O que houve no Sínodo foram várias considerações, porque isso também está na pauta, no Instrumento de Trabalho, a respeito das uniões de pessoas do mesmo sexo. Como encarar isso? Como encarar a presença dos homossexuais na Igreja? Como encarar a adoção de filhos e a educação deles? Como encarar duas pessoas do mesmo sexo que adotaram uma criança e querem batizá-la? Tudo isso foi refletido. Mas não houve mudança de posição na Igreja em relação àquilo que já se fazia.

Canção Nova – Para que as pessoas compreendam melhor, qual o clima desses trabalhos sinodais entre os cardeais, os bispos e até mesmo os leigos que participam dessas discussões?

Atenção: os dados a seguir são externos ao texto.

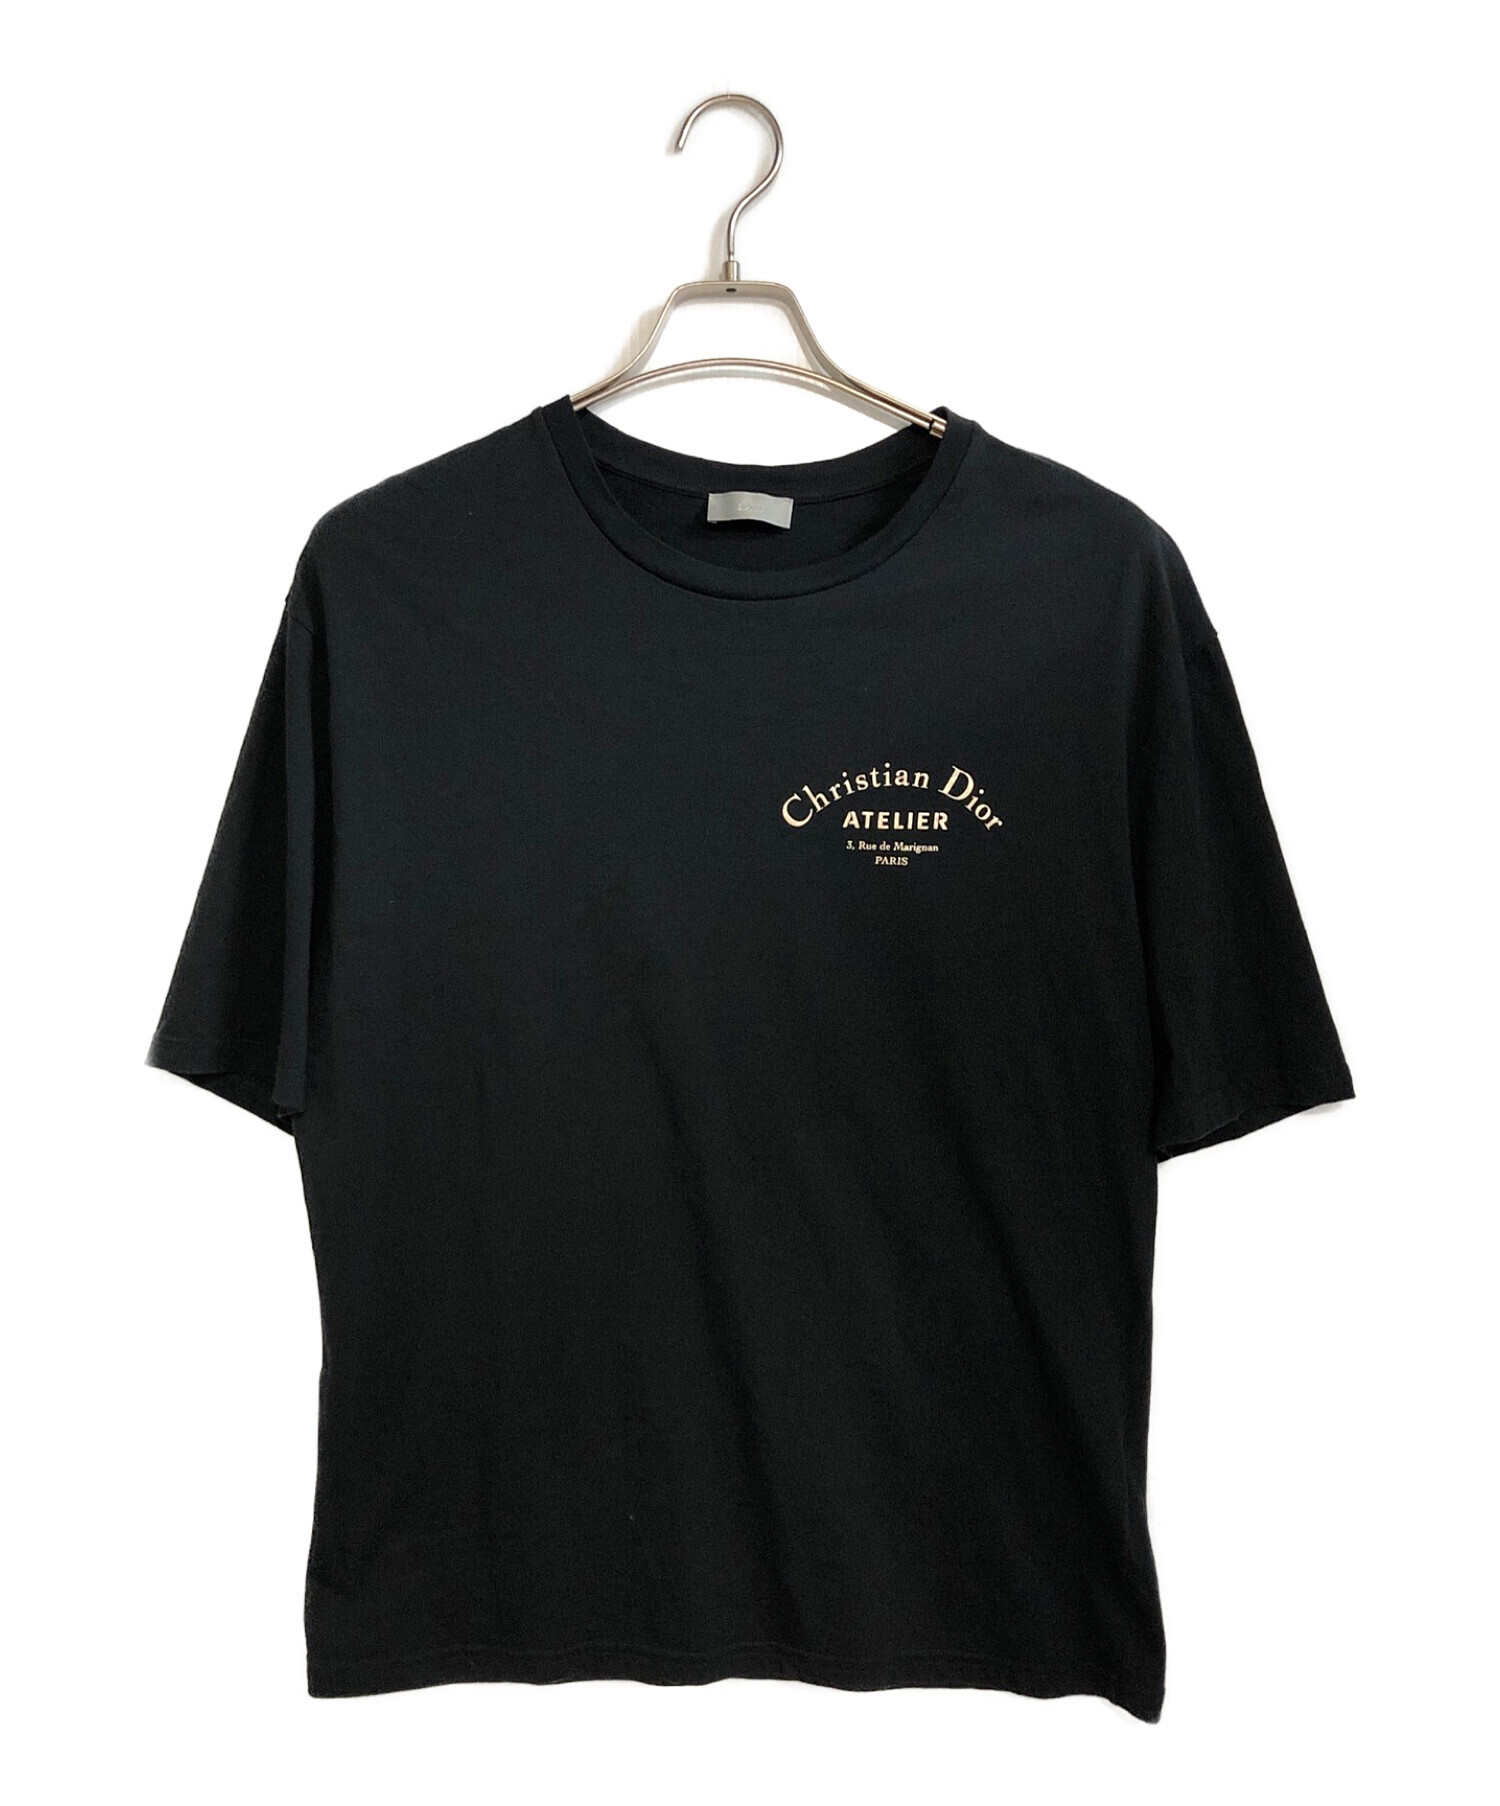 Christian Dior (クリスチャン ディオール) アトリエロゴプリントTシャツ ブラック サイズ:L

Dom Odilo – O clima é muito bom, sereno e fraterno, de grande liberdade e de grande caridade também no escutar. Basta pensar que, na semana passada, ficamos a semana inteirinha, manhã e tarde, escutando os outros que falavam, e ficávamos quietinho. Eu falei duas vezes durante a semana e o resto foi escutar.

Então, a gente faz a caridade da escuta, da paciência, do discernimento, da acolhida de quem pensa diferente para chegar justamente a uma maior luz sobre a verdade que tem de ser acolhida e seguida.

O clima é muito fraterno, portanto, entre todos os participantes do Sínodo, isso não impede que cada um expresse livremente, com toda a sua convicção, aquilo que pensa; e isso é necessário, porque se todo mundo pensa a mesma coisa, nós não vamos para a frente nem seria necessário fazer um Sínodo.

Canção Nova – Como caminham os trabalhos dos círculos menores, em especial do grupo do qual o senhor participa?

Dom Odilo – Eu estou num grupo de língua espanhola. Infelizmente, não temos um grupo de língua portuguesa. Esse grupo é formado sobretudo de latino-americanos, de bispos de toda a América Latina e um ou outro da Espanha, portanto, bastante diversificado.

O grupo é muito vivo, muito interessado nas questões, com muitas sugestões, muita criatividade que está sendo manifestada. Nós estamos fazendo muitas propostas, emendas para enriquecer o texto e, depois, reapresentá-las no plenário, para que elas possam ser integradas ao texto global.